Sixthly, if ever a department of mathematics is correctly referred to the existential, then it will always remain a department of mathematics. Still, this does not preclude revision of the manner in which that reference to the existential is conceived; for subsequent developments may involve more satisfactory manners of conceiving earlier developments.
Seventhly, since sound judgment presupposes an accumulation of insights, sound judgment on the validty of new departments of mathematics is to be expected, not at their inception when the [page missing: the next item (A382) probably gives the contents of this missing page, and so is here run into the text of A3381] self-correcting process of learning has hardly begun, but only when the new field has been adequately explored and its full implications have been grasped.
Eighthly, the possibility of applying even abstruse mathematics within empirical theories rests on the reference of even the abstruse to the existential. The fact of such application, however, does not establish the validity of mathematics but only serves to reveal its usefulness.
A few further questions may be considered.
First, is the object of mathematics the possible?
If by the possible is meant what can exist, the answer is negative. For mathematics does not consider the totality of conditions of real possibility. What can really exist, must meet physical or chemical or biological or some similar set of conditions; and the mathematician does not bother about any of them.
If by the possible is meant the mathematically possible, then it remains to be explained what precisely that is.
Perhaps behind this question lies the desire to give mathematics an objective, ontological foundation, for instance, in the ideas of the divine mind.
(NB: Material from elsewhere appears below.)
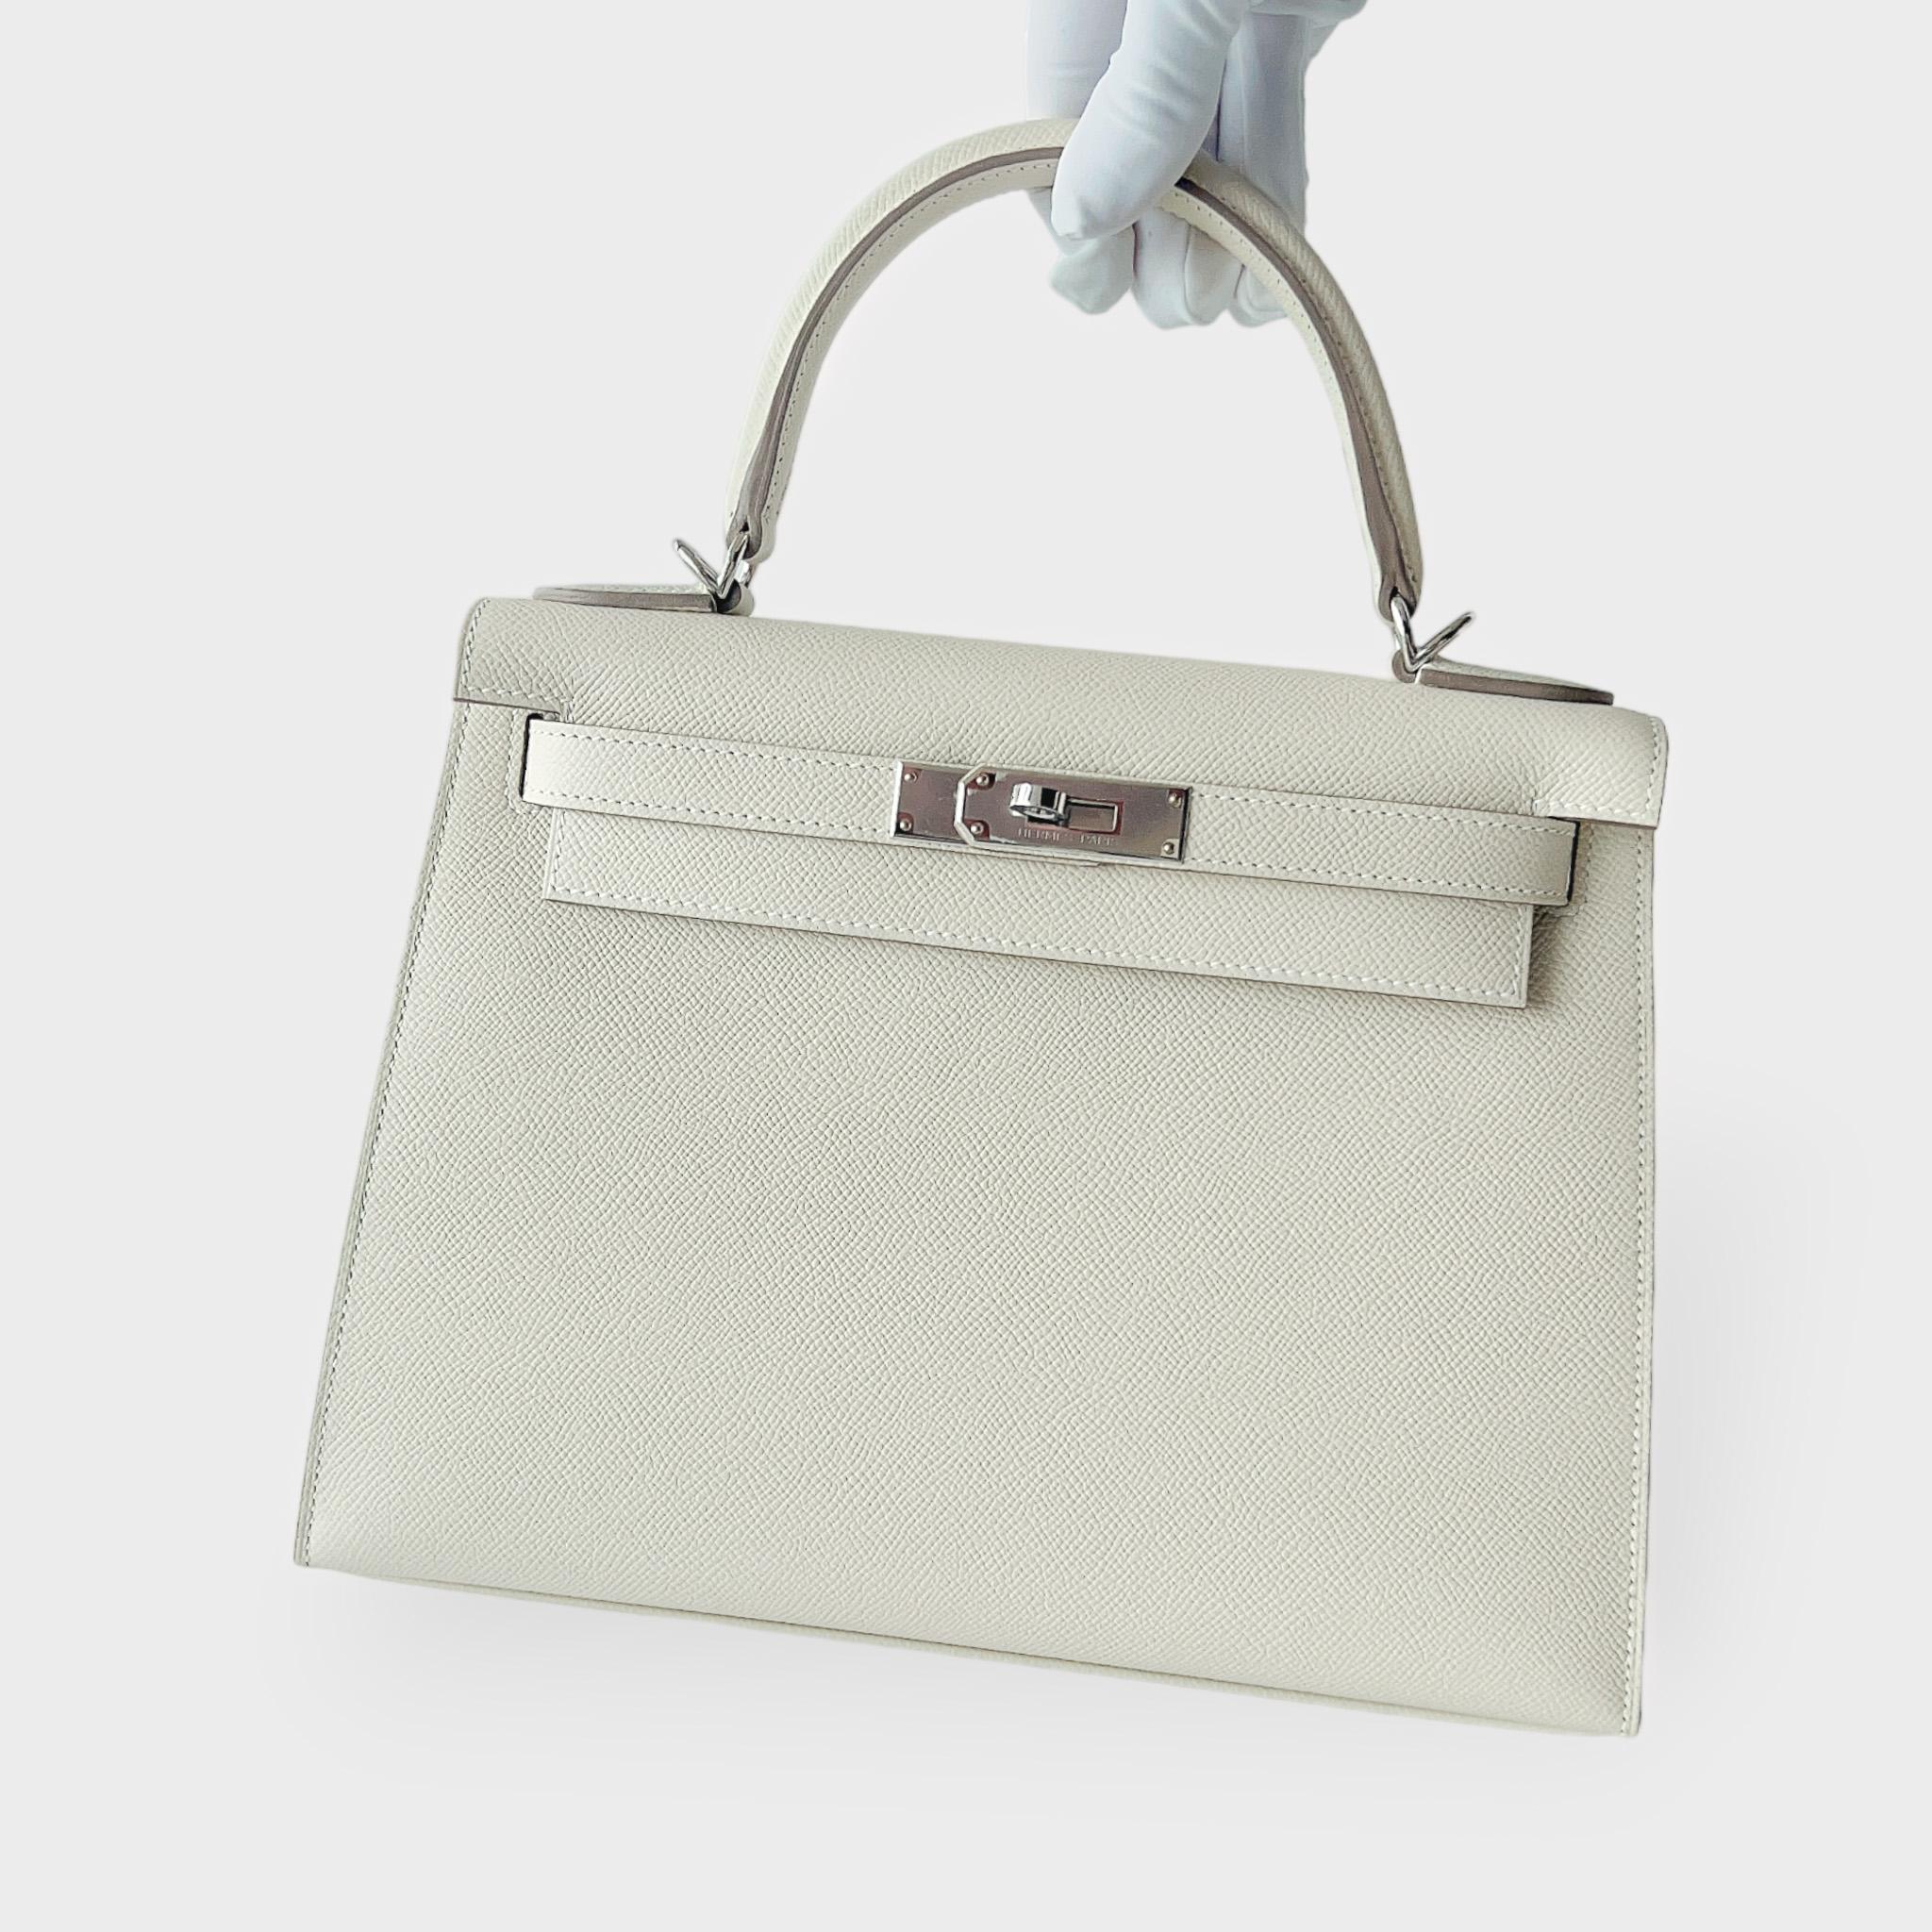 Shop this elegant Hermès Kelly 28 In Craie with Palladium Hardware. It is unused in pristine condition, purchased in 2023. This Hermès Kelly 28cm Bag comes in Craie, which is the perfect neutral slightly creamy white for any season. The bag comes

Such a desire seems out of place. An essential element in mathematics as it happens to exist is ignorance. The mathematical field is worth exploring because the existential, as we have defined it, is not privileged. It is not whatever exists but whatever we know exists, whatever supplies a term in our factual judgments. In so far as the mathematician has an ulterior purpose, he does not aim at knowing how God would conceive possible universes but at determining how men might grasp more [at this point A 381 resumes with the last page] comprehensively the existing universe. Finally, correct mathematics can have their exemplar in the divine mind not only as correct conceptions of possible things but also as correct human operations to envisage with complete generality the series of terms some of which in some fashion present an aspect that is existential.
Second, what about axiomatic coherence?
The real ground of coherence of a set of axioms is the cluster of insights in an intelligence. Inasmuch as a department of mathematics emerges through the development of mathematical understanding, its coherence seems to be guaranteed automatically. On the other hand, a merely formalizing approach to mathematical foundations has the problem of coherence on its hands.
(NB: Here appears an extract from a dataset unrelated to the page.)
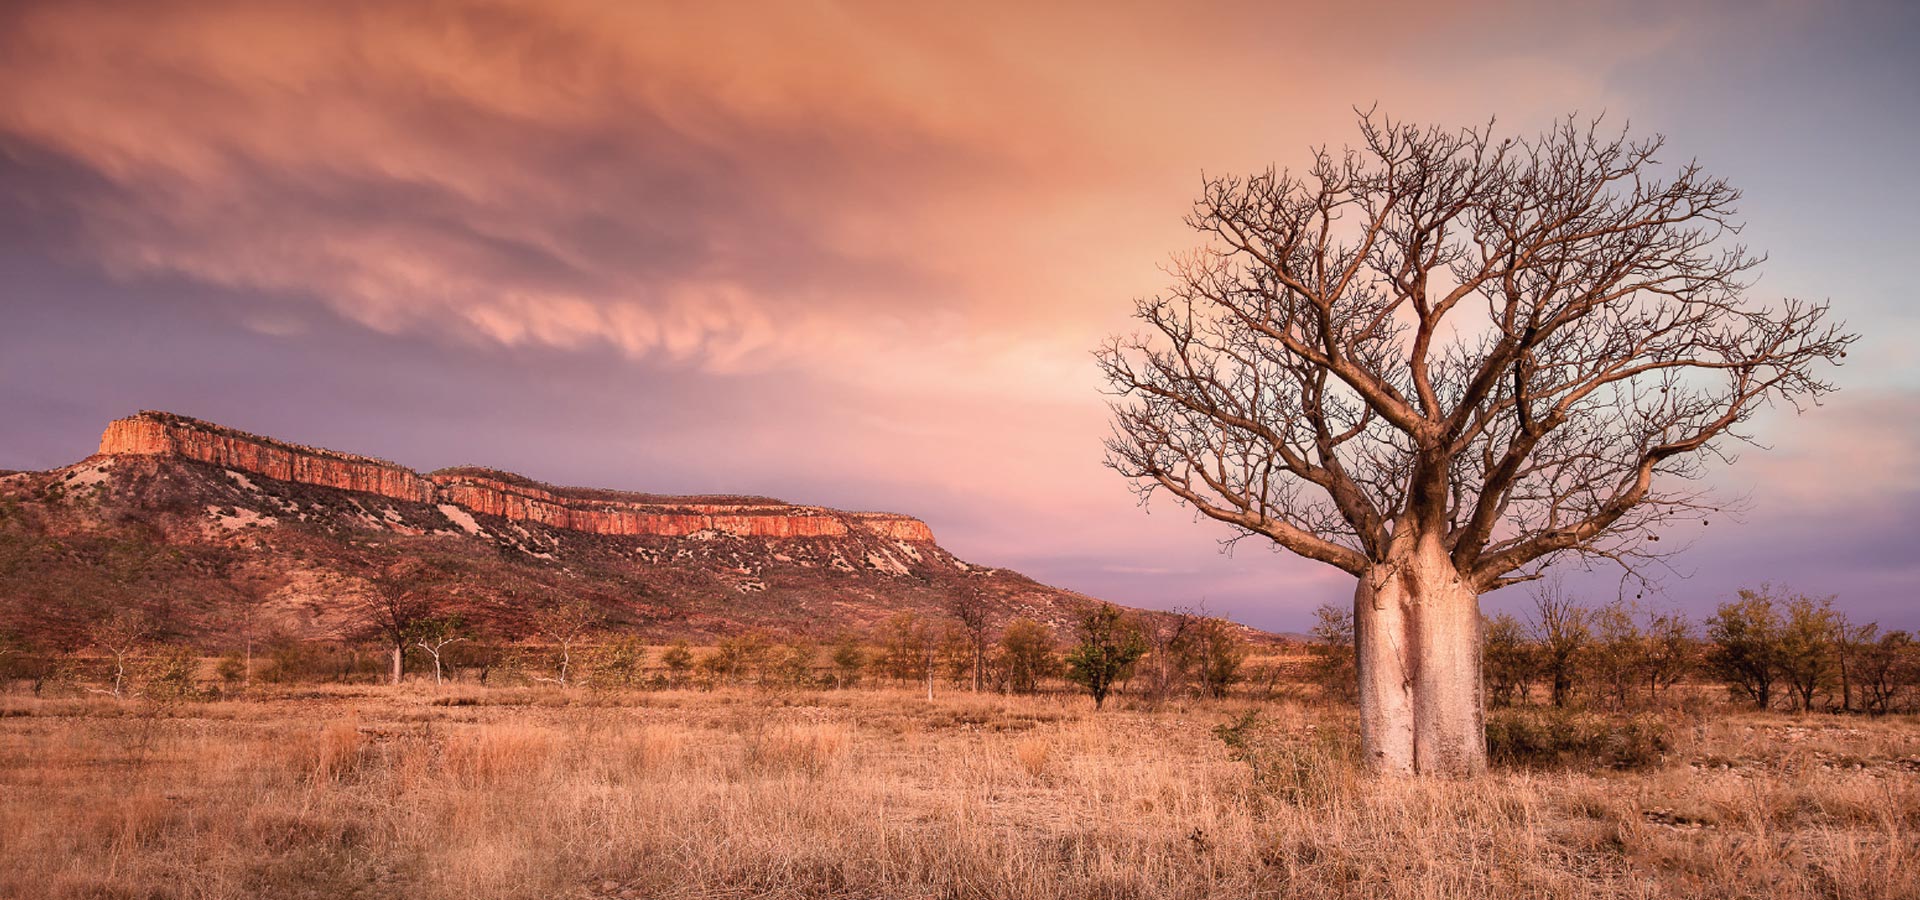 Experience the Kimberley and Relax in style

Thirdly, what about the principle of excluded middle?
Our requirement of reference to the existential is opposed in principle to setting up objects that are defined specifically by the mere negation of known mathematical properties. For such negation does not imply that there is some reference, however tortuous, to the existential. However, this opposition in principle does not deny 1) that such objects can be explored logically or 2) that such logical exploration may be a useful complement to mathematical thought. Opposition in principle is limited to the conention that such appendages are mere appendages, that mathematics in the full sense is something distinct.